The inefficiency that makes this opportunity possible will erode. The parallel is traditional hedge fund alpha, which compressed from mid-teens returns in the 1990s to mid-single digits as capital scaled and trades crowded.

Figure 3: Three year rolling return 

Source: HFRI Index. Data as of April 30, 2026.

That compression took a decade, driven by the allocation wave, leverage build-up and capacity exhaustion that follow every institutional adoption cycle. Crypto hedge funds are still delivering double-digit returns with little or no leverage, while traditional hedge funds now need two- to- five turns of leverage to produce single digits. The institutional wave has started in the beta — the digital asset market itself. The wave into the alpha — active strategies — is the natural next step.

The evidence is no longer anecdotal. In the last twelve months alone, AIMCo, Mubadala, Norges Bank, Capital Group and UBS have each materially increased their digital asset exposure through institutional vehicles. The wave has started in the beta. The wave into the alpha is the natural next step. The window to embed convexity cheaply likely stays open for several years, but it narrows with every quarter of adoption.

Early adopters of hedge fund strategies — the Yale model being the canonical example — captured a disproportionate share of the returns before institutional capital compressed the opportunity. The same dynamic is setting up in digital assets, and the operational barriers have improved materially, though operational/custody/regulatory risks remain and require careful diligence. From the wreckage of FTX, a handful of institutional-grade managers have emerged with tri-party custody arrangements between manager, qualified custodian and exchange. Accessing the asset class is now operationally comparable to allocating to a traditional ETF or hedge fund.

Engaging the Objections

"Crypto is too volatile to hold institutionally."

Volatility is the raw material, not the verdict. What matters is what is built from it. A return stream with 20–25% volatility and positive skew producing 30–50% cycle returns is a Sharpe profile most long-only equity products would envy. The question is not whether the underlying asset is volatile.

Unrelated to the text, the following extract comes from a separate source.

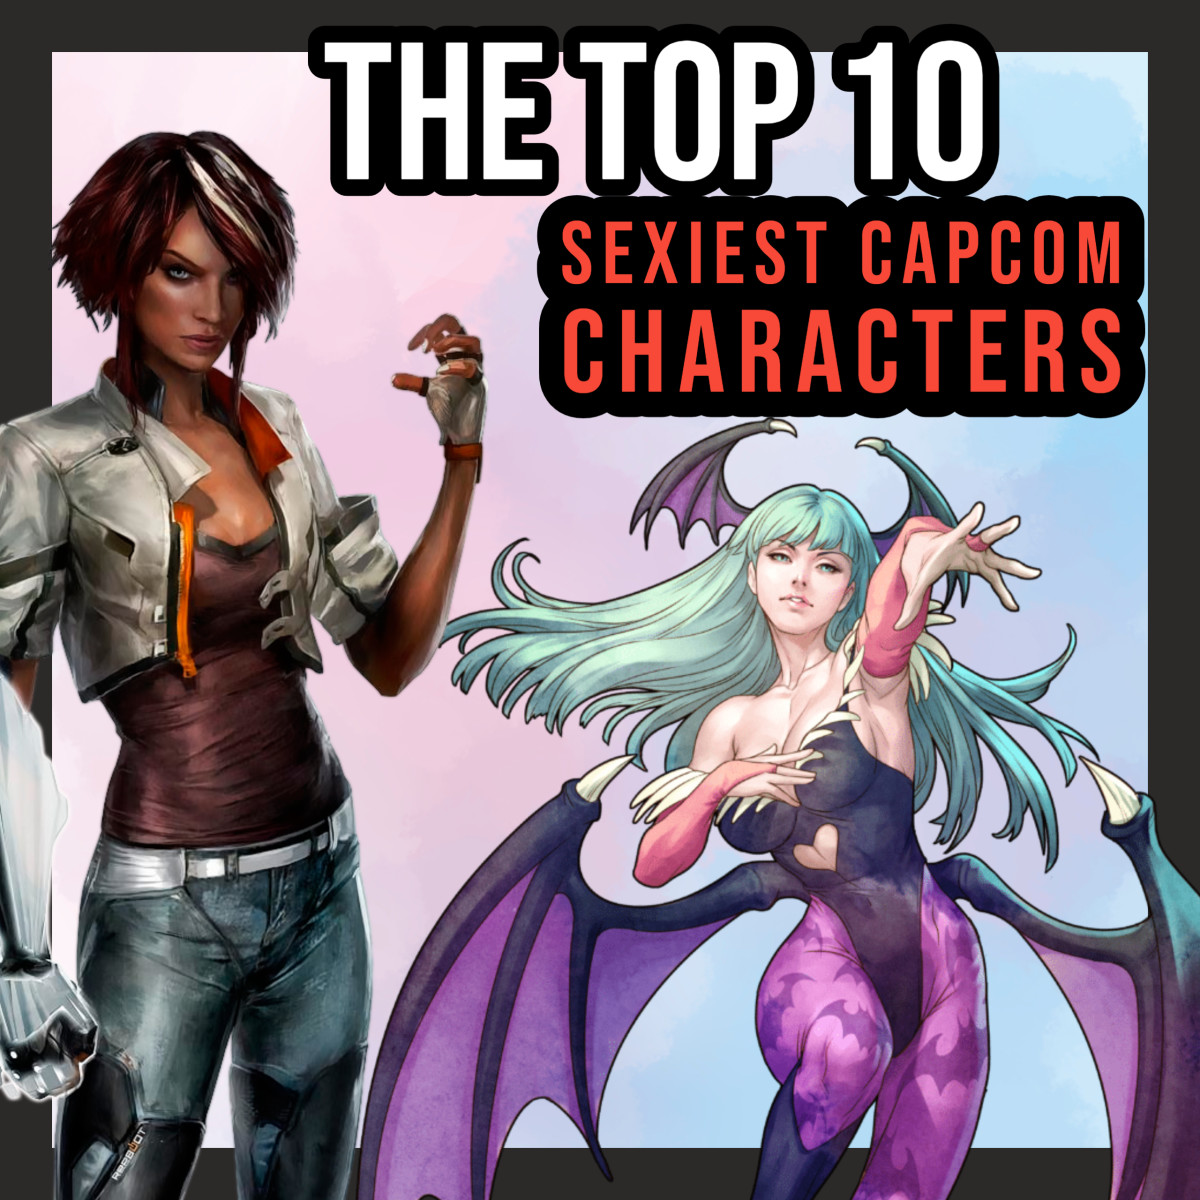 The Top 10 Sexiest Capcom Characters
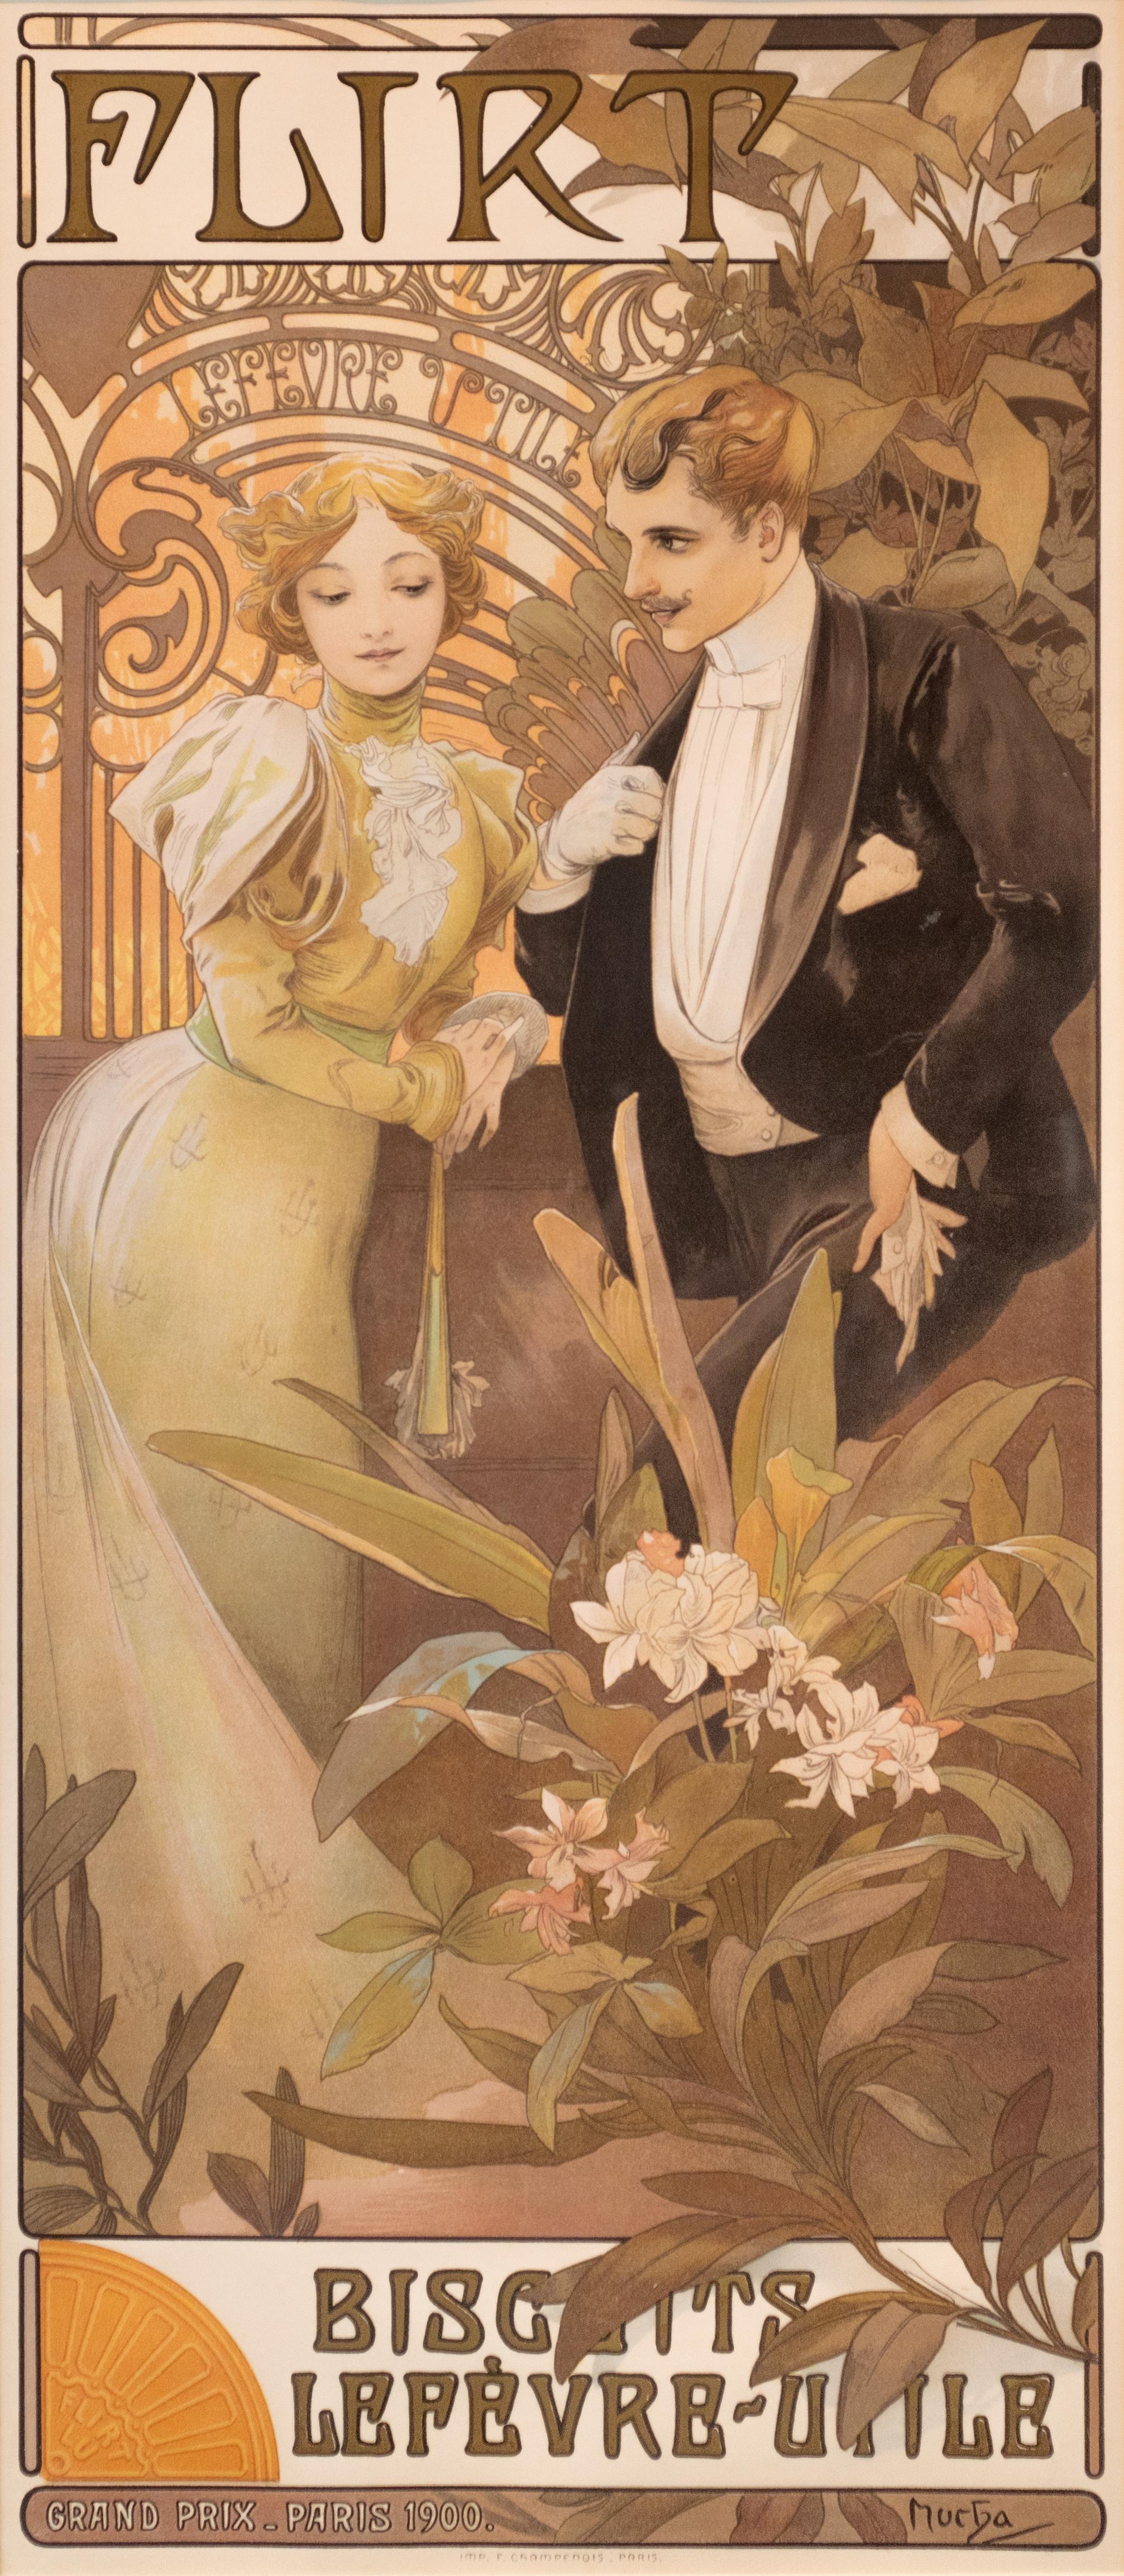 Flirt (Biscuits Lefevre-Utile) Lithograph Poster - Art by Alphonse Mucha

It is whether the structure surrounding it produces volatility you can survive — which is not the same as volatility you cannot.

"We already have convexity through equities, emerging markets and private markets."

Those are return drivers, not convex exposures. Their skew is negative. Their up/down vol ratios sit below one. Their downside in stress is structurally tied to the same global beta their upside depends on. Real convexity means downside is structurally capped relative to upside — which the data above shows is precisely the property they do not have.

"What about FTX, custody risk, regulatory uncertainty?"

Fair, and worth addressing without spin. The 2022–2024 period was a forced institutional cleansing. The infrastructure that exists today — regulated managers, segregated custody at qualified institutions, audited counterparties, ETF wrappers across multiple jurisdictions, and clear regulatory regimes across the major institutional markets — is structurally different from what existed in 2021. The infrastructure gap was the right reason to wait. It is no longer the right reason to stay out.

Conclusion

Stop trying to diversify your way to resilience. Start thinking about convexity. The cheapest source of it available to institutional investors today sits in a market most have not properly accessed yet — and as institutional capital arrives, the inefficiency closes. The window is open. It will not stay open forever.